I voted for knowing all the languages in ME because I would love to know the Elvish-language and many others.


----------



## Theoden (May 29, 2002)

I would just love to be able to shoot arrows like Legolas, or ride like Gandalf, or fight like Aragorn... in fact, it would be really cool to have a hodge podge of abilties from ME.


----------



## Elu Thingol (May 30, 2002)

Posted by Anarchist:


> Yes Narya, who lives by the sword dies by the sword. Which death is better, dying in your bed of old age, being unable even to eat alone or dying in the battle field, defending not only your country but also your honour and your ideals?



You have been watching braveheart way too much 

Wallace: I am William Wallace, and I see a whole army of my countrymen here in defiance of tyranny. You have come to fight as free men and free men you are. What will you do without freedom? Will you fight?

Soldier: Fight against that! NO! We will run and we will live.

Wallace: Aye. Fight and you may die, run and you'll live, at least awhile. And dying in your beds many years from now would you be willing to trade all the days from this day to that for one chance just one chance to come back here and tell our enemies that they may take our lives but they'll never take our freedom!

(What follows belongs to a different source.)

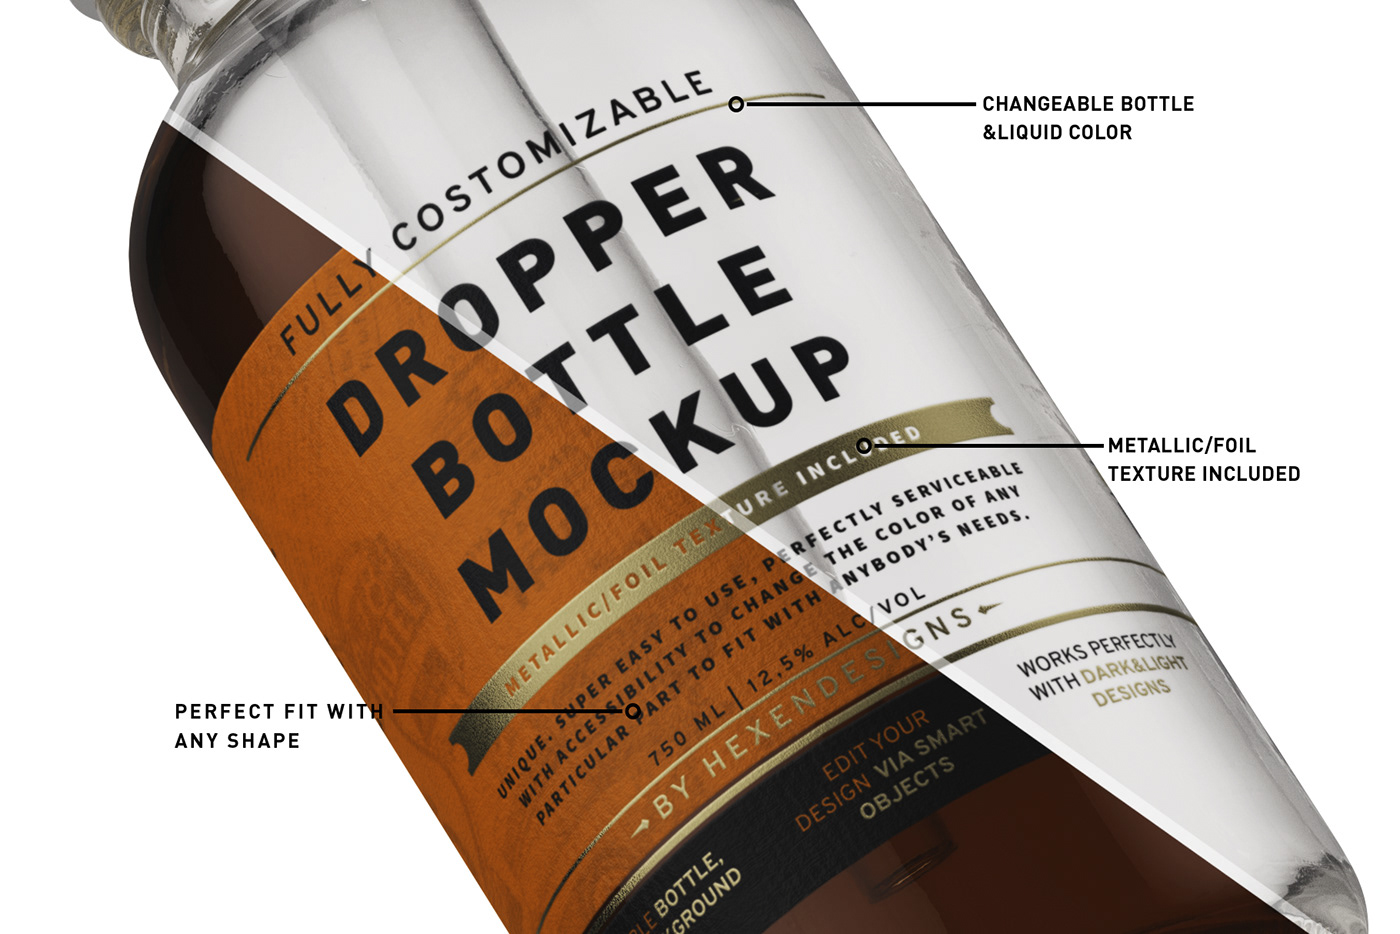 Dropper Bottle Mockup e-liquidbottle mockup eliquid e-juice label mockup hemp oil CBD oil essential oil 1oz bottle glass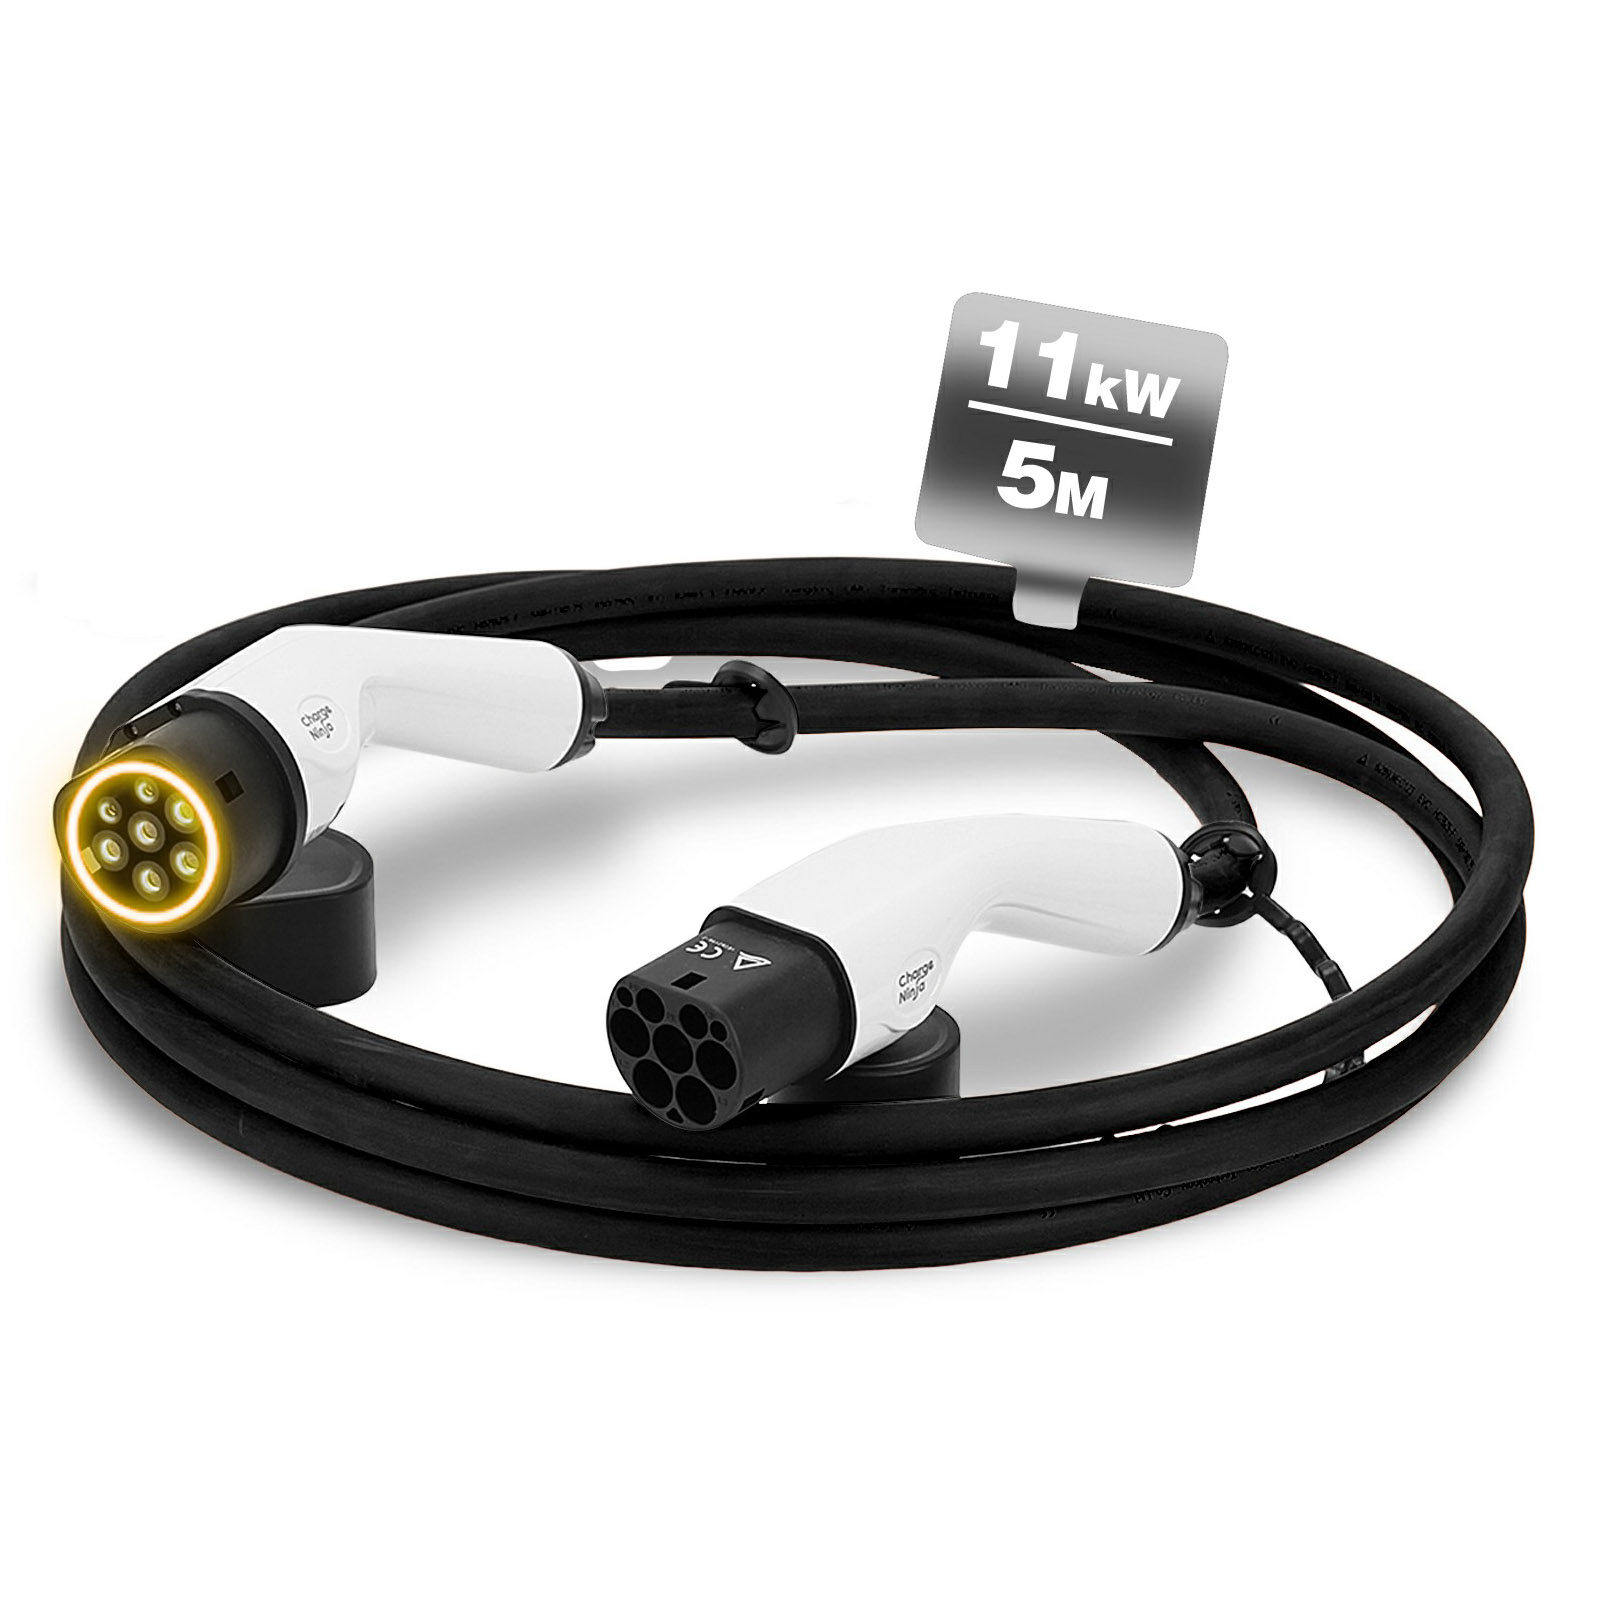 Charge Ninja EV Charging Cable 11kw 5m black colour

I think this quote speaks for itself.


----------



## tasar (May 31, 2002)

FREEEEEDOOOOOOMMMM!!!


----------



## Úlairi (May 31, 2002)

I see we have a few movie junkies on the forum!


----------



## Elu Thingol (May 31, 2002)

My best friends favorite movie is Braveheart and he has made me see it about a million times. Great movie though.


----------



## Úlairi (May 31, 2002)

Glad to see we agree on something Mithrandir2003. Braveheart was a brilliant movie. One of the best movies I've seen!


----------



## Legolas_lover12 (Jun 11, 2002)

swordsman.....................well, woman!


----------



## Ice Man (Jun 12, 2002)

> _Originally posted by Ulairi _
> *Glad to see we agree on something Mithrandir2003. Braveheart was a brilliant movie. One of the best movies I've seen! *



Braveheart was ok, IMO. Saving Privat Ryan is a completely different movie, but it's much betr, IMO.


----------



## Flame of Anor (Jun 13, 2002)

I chose being able to read, write and talk all spoken languages of ME because I love how all of the languages sound (with the exception of Dark Speech).


----------



## Elu Thingol (Jun 14, 2002)

Depends on what you like Arcanjo. I think that Braveheart was a much better movie.


----------



## Úlairi (Jun 14, 2002)

I'm sorry, but there is no room for comparison you two. Both movies are set in a completely different time. Both movies were incredibly brilliant but, there is no room for a comparison. How can you compare them?


----------



## Elu Thingol (Jun 15, 2002)

True, True


----------



## Legolas_lover12 (Jun 15, 2002)

.......................hmmm..................didn'y see either one of those movies. so i don't know which one is better................... ...........................oh well!


----------



## Ithrynluin (Jun 16, 2002)

In the heat of the moment, I chose the lightning bolt ability cause it looked really powerful 
But now I kinda regret it 
I'd rather be able to use any language and talk to any creature!Now THAT would be cool


----------



## Smokey (Jul 1, 2002)

can I pick all of the above?


----------



## Legolas_lover12 (Jul 1, 2002)

well, i think ulari (sp?) chose all of the above. but i think you should just pick one. like the rest of us.


----------



## Samwise_hero (Jul 9, 2002)

I would actually like a mixture of good fighting skills and i would want to know all the languages because if i've got that i'd be pretty well off. Shooting lightning out of my fingertips wouldn't be that bad either!!!!!


----------



## Galdor (Jul 21, 2002)

I chose invisibity. Because if you apply your self you can learn to be a good swordsman and learn all the languages you are likely to encounter. And besides if your invisible you don't need to be a master swordsman and most everyone in ME speaks the common tongue.


----------



## #1ArcherLegolas (Jul 27, 2002)

Well i've always wanted to know how to really use a sword so obviosly i choose the Sword fighting one.


----------



## Lhunithiliel (Jul 28, 2002)

Swords!!
A friend of mine, as I have mentioned somewhere, calls me Aragorn's heir. Every test I take - I am Aragorn or smth. close to him. I even did a test "What weapon are you?" and I was (of course!) Anduril!
I wish I could have a castle and in that castle I would have the largest hall decorated with swords! I wish I could learn more about swords! I wish I could have lessons in sword fighting! I wish I could have my own sword, a real one, an ancient one, one that belonged to a brave worrior long, long ago... 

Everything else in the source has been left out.